Now consider $T_{pq}$ to be the special case of p = 0 and q = 1 in a family of
transformations $T_{pq}$, where $T_{pq}$ transforms the pair (a,b) according to
a <- bq + aq + ap and b <- bp + aq.
Show that if we apply such a transformation $T_{pq}$ twice, the effect is the same as
using a single transformation $T_{p’q’}$ of the same form, and compute p' and q' in terms
of p and q. This gives us an explicit way to square these transformations, and thus we can
compute Tn using successive squaring, as in the fast-expt procedure. Put this all together
to complete the following procedure, which runs in a logarithmic number of steps:
(define (fib n)
(fib-iter 1 0 0 1 n))
(define (fib-iter a b p q count)
(cond ((= count 0) b)
((even? count)
(fib-iter a
b
?? ;; compute p'
?? ;; compute q'
(/ count 2)))
(else (fib-iter (+ (* b q) (* a q) (* a p))
(+ (* b p) (* a q))
p
q
(- count 1)))))
Definition of $a_1$ and $b_1$:
$$ a_1 \leftarrow bq + aq + ap $$
$$ b_1 \leftarrow bp + aq $$ $$ T^2_{pq} = T_{p’q’} $$ $$ a_1 = bq + aq + ap $$ $$ b_1 = bp + aq $$ $$ a_2 = b_1q + a_1q + a_1p $$ $$ b_2 = b_1p + a_1q $$
The key here is to substitute from the definition of $a_1$ and $b_1$ into $a_2$
and $b_2$ in order to get p' and q'
I start with $b_2$ because the expression is simpler to work with.

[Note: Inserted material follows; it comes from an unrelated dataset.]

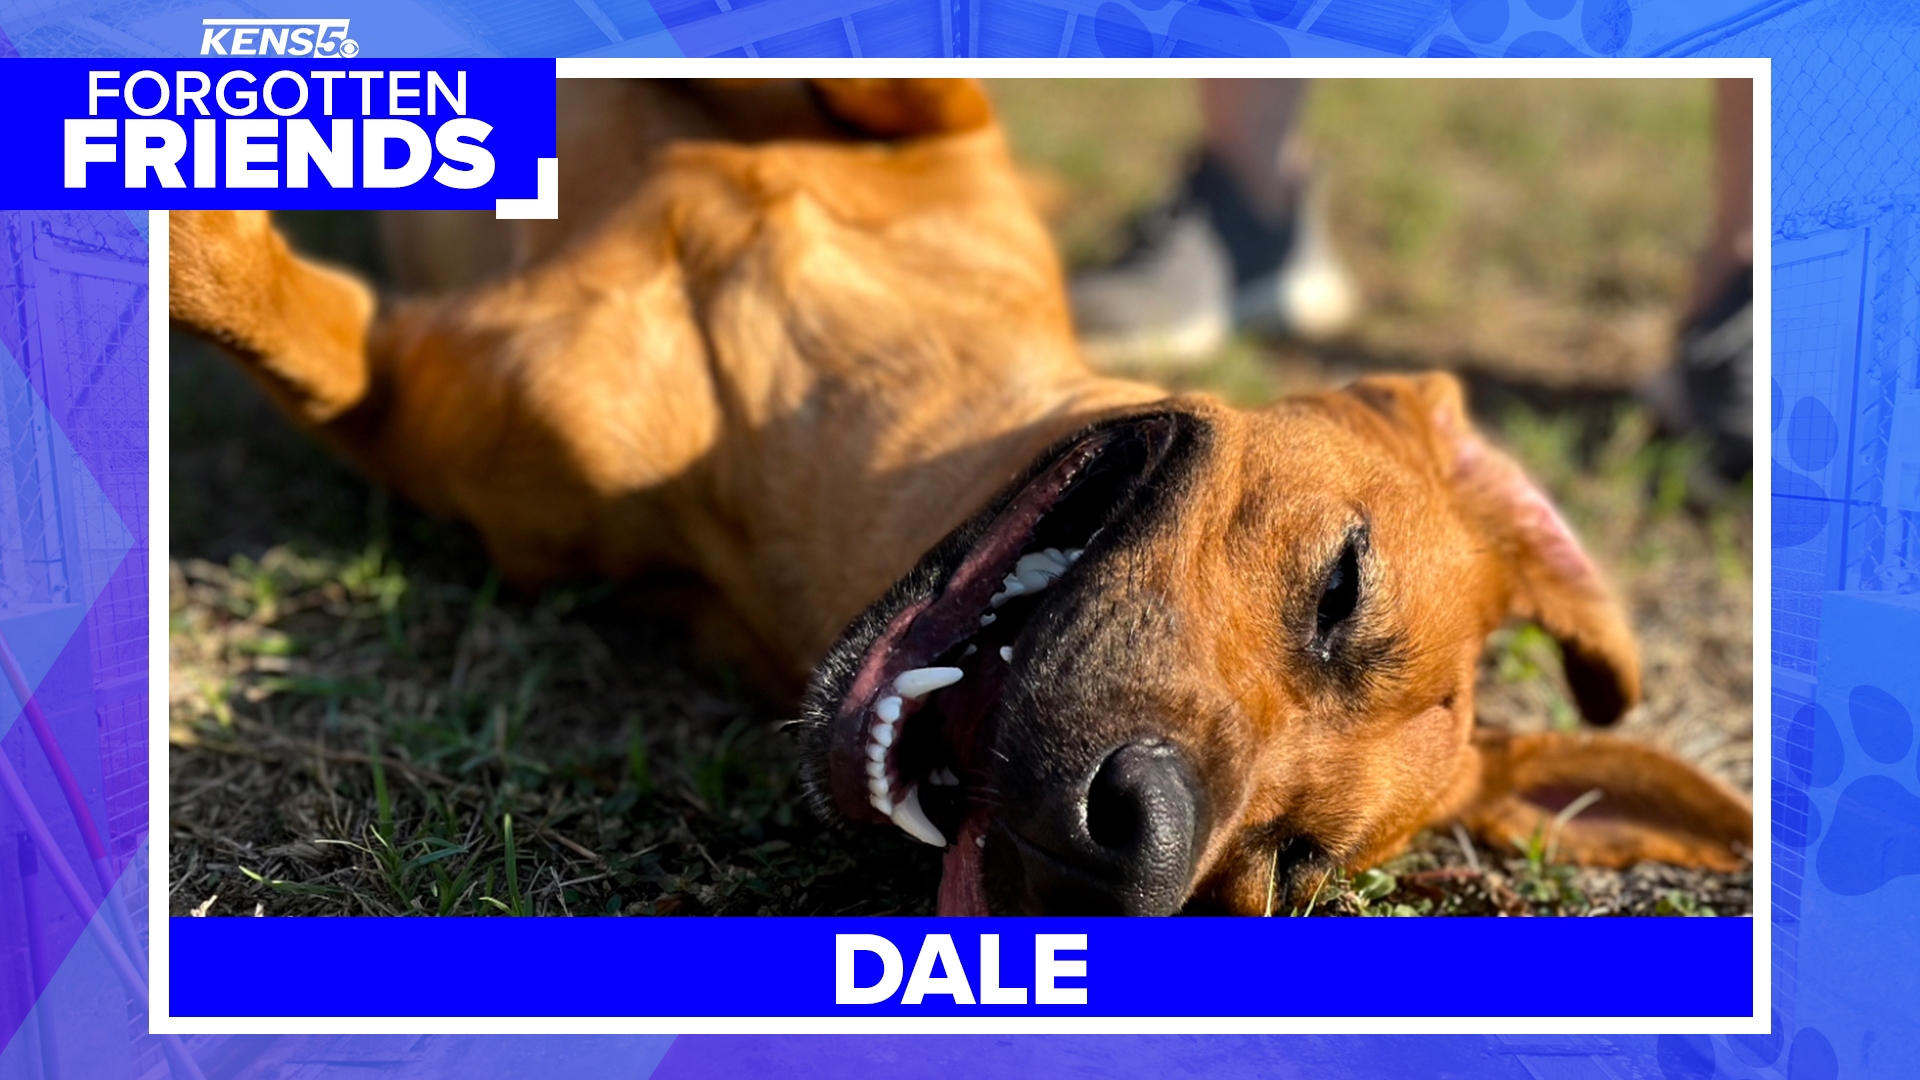 She is a three-year-old Rhodesian Ridgeback and Retriever mix who has been waiting two years for her very own home with humans to love.

The values I get
for p' and q' must also work with $a_2$
$$ b_2 = b_1p + a_1q = (bp+aq)p + (bq+aq+ap)q $$
$$ b_2 = bp^2+aqp + bq^2+aq^2+aqp $$
$$ b_2 = b(p^2+ q^2)+a(2qp+q^2) $$
$$ p’=(p^2+ q^2) $$
$$ q’= (2qp+q^2) $$
$$ b_2 = bp’+aq’ $$
$a_2$ is trickier to check because of the number of terms, I’ll take a few short cuts here in showing the math
$$ a_2 = bpq + aq^2 + bq^2 + aq^2 + aqp + bqp + aqp + ap^2 $$
$$ a_2 = b(2qp+q^2) + a(2qp+q^2) + a(p^2+ q^2) $$
$$ a_2 = bq’+aq’+ap’ $$
Finally: $ T^2_{pq} = T_{p’q’} $ where $ p’= p^2 + q^2 $ and $ q’= 2qp + q^2 $
(define (square x) (* x x))
(define (fib n)
(fib-iter 1 0 0 1 n))
(define (fib-iter a b p q count)
(cond ((= count 0) b)
((even? count)
(fib-iter a
b
(+ (square p) (square q)) ; compute p'
(+ (* 2 p q) (square q)) ; compute q'
(/ count 2)))
(else
(fib-iter (+ (* b q) (* a q) (* a p))
(+ (* b p) (* a q))
p
q
(- count 1)))))
> (fib 10)
55
> (fib 100)
354224848179261915075